Marielle Heller, Melissa McCarthy, and Richard E. Grant (Can You Ever Forgive Me?)

In Marielle Heller’s Can You Ever Forgive Me?, an adaptation of biographer Lee Israel’s memoir of the same name, Melissa McCarthyplays the broke, lonely, and wickedly smart Israel, who teams up with Richard E. Grant’s street-smart mischief-maker, Jack Hock, in a literary forgery scheme. “Lee, she cared about what people thought of her work and her writing, but in terms of people liking her, she had no time for it,” McCarthy said. “Which is really an appealing thing for me. I thought that was wildly exciting.”

Yorgos Lanthimos and Emma Stone (The Favourite)

The Favourite director Yorgos Lanthimos made his first-ever trip to Telluride this year, while one of his leading ladies, Emma Stone,returned for her third time in a row.
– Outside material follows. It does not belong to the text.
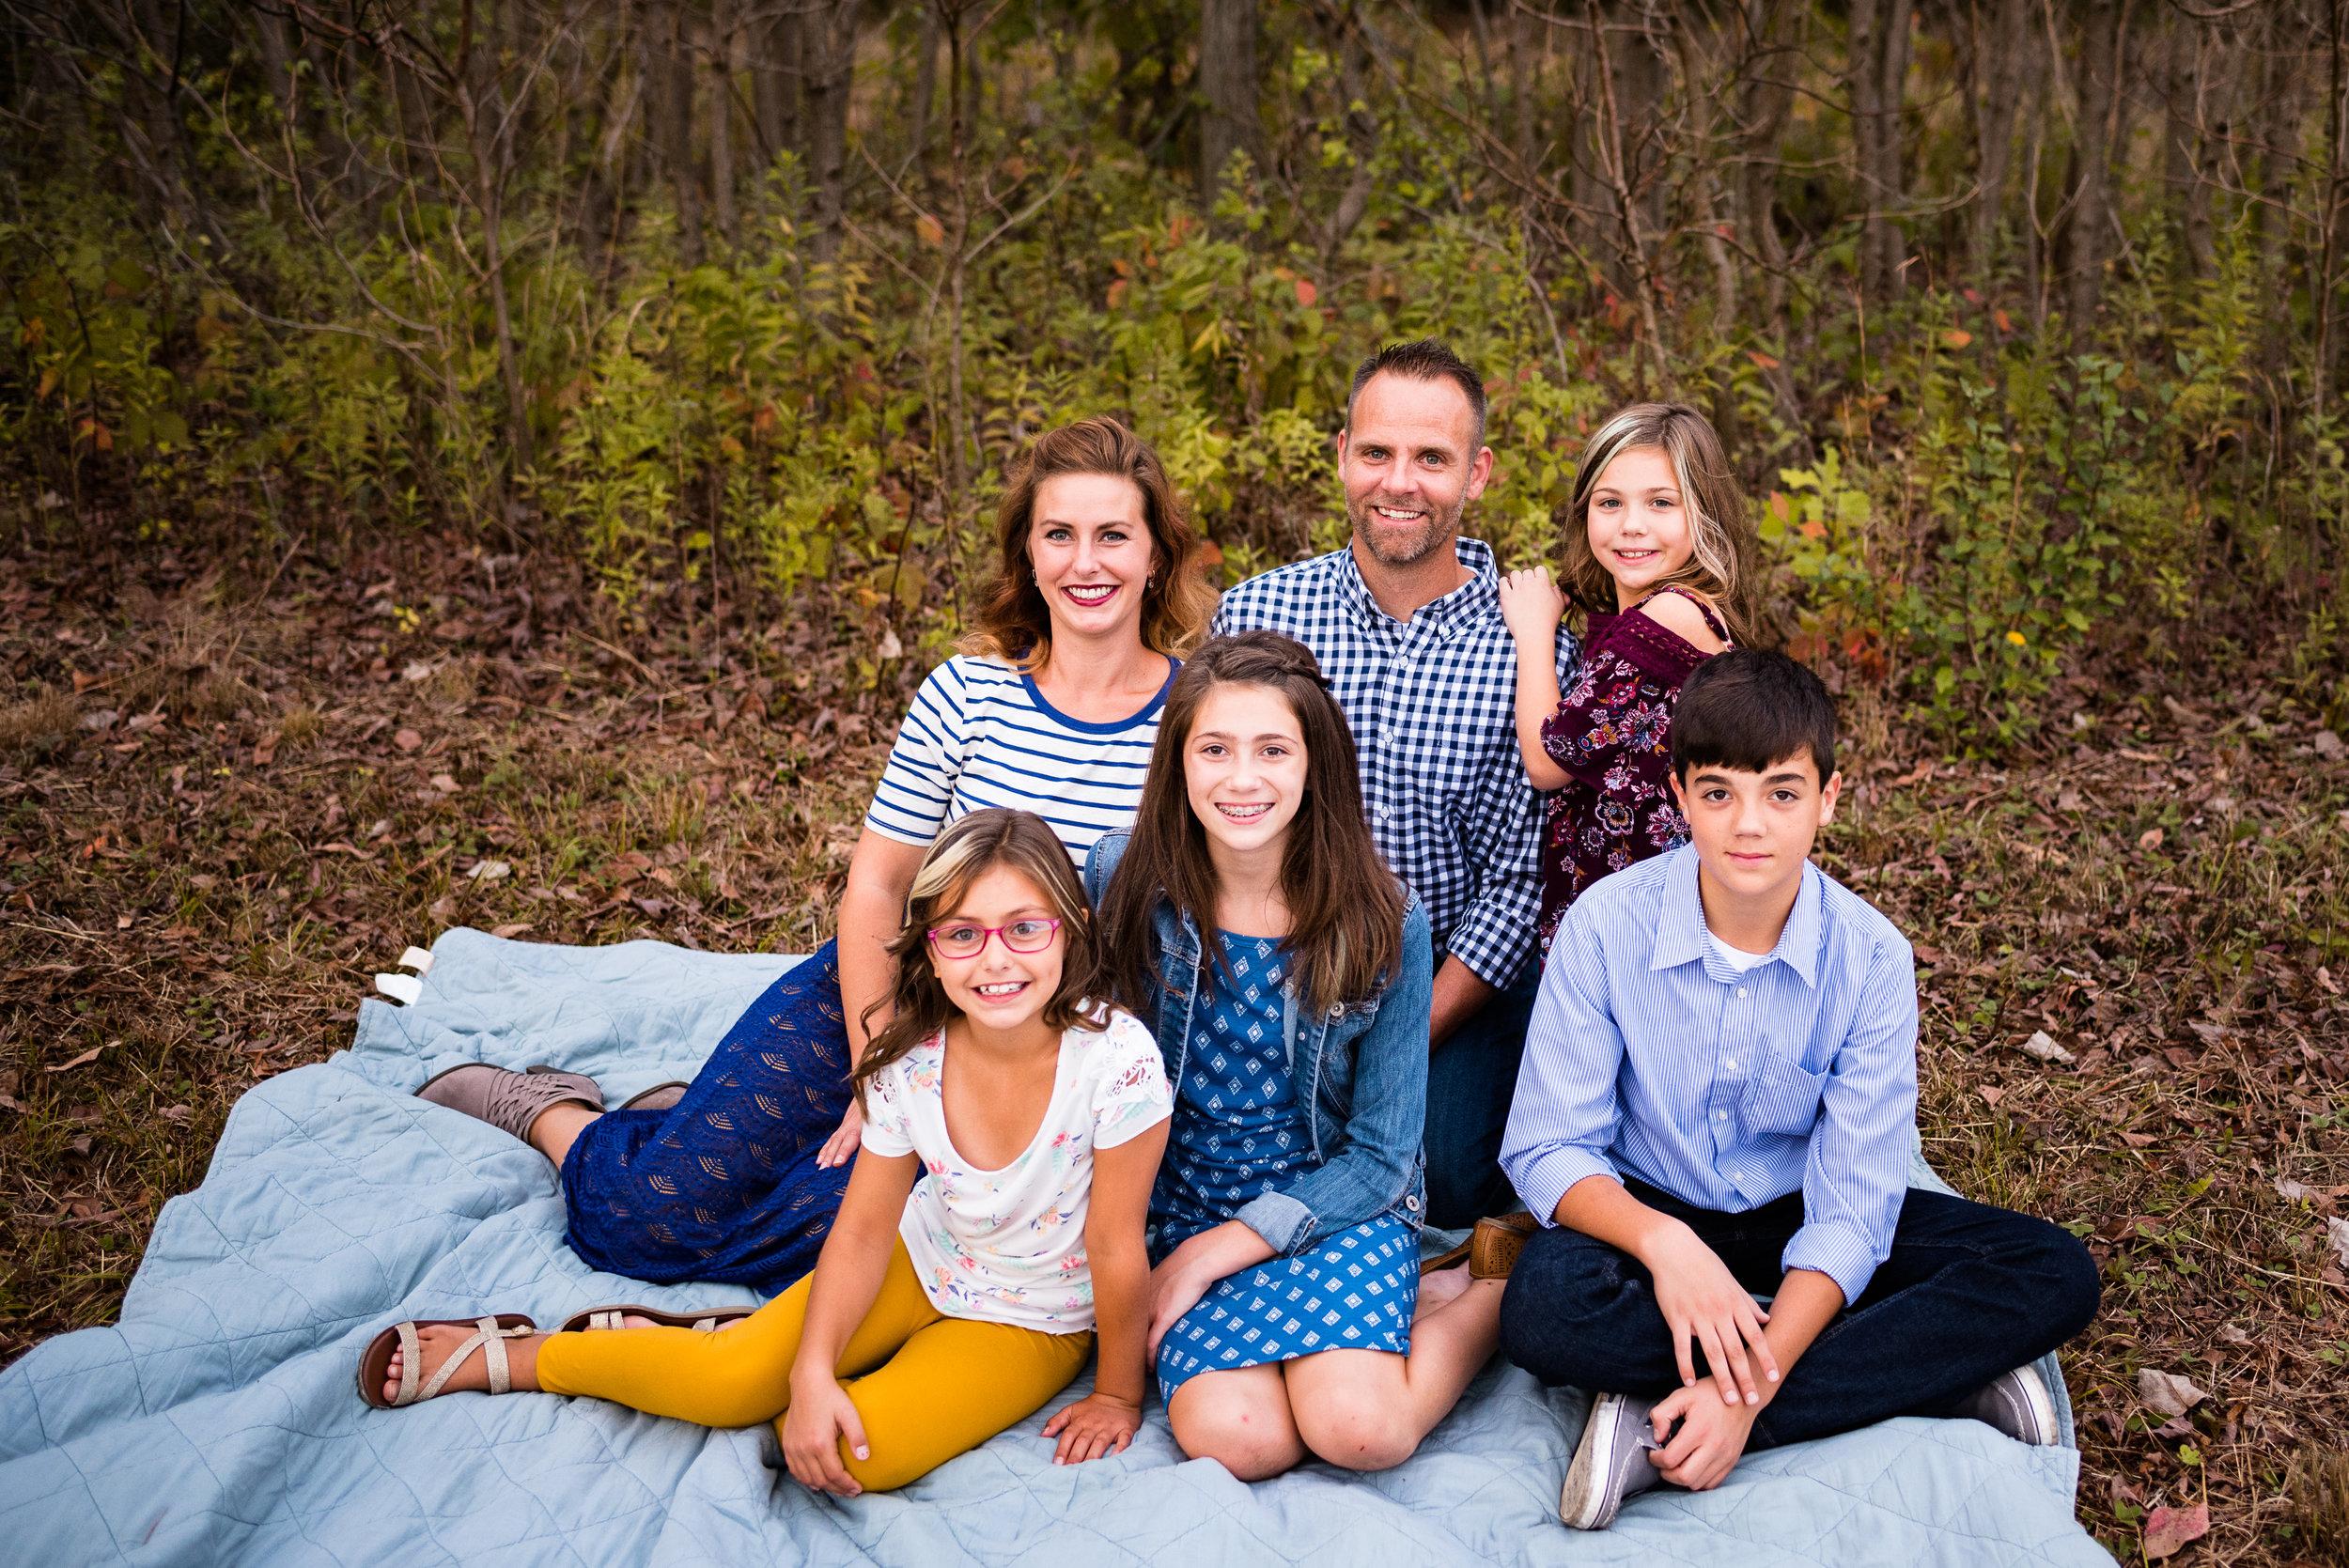 findlay family photography

They arrived fresh from the Venice Film Festival, where The Favourite premiered to raves. The reception was equally enthusiastic in the Colorado mountains, where audiences were more than tickled by the bawdy hijinks in Queen Anne’s court. Stone, who received a special tribute from the festival this year, steps out of her contemporary comfort zone in the film (and dons a British accent) with striking results. Lanthimos has built a beautiful stage for three terrific actresses—joining Stone in the scheming are Rachel Weisz and Olivia Colman—to go for broke. The Favourite leaves Telluride looking like one of the crown jewels of Oscar season.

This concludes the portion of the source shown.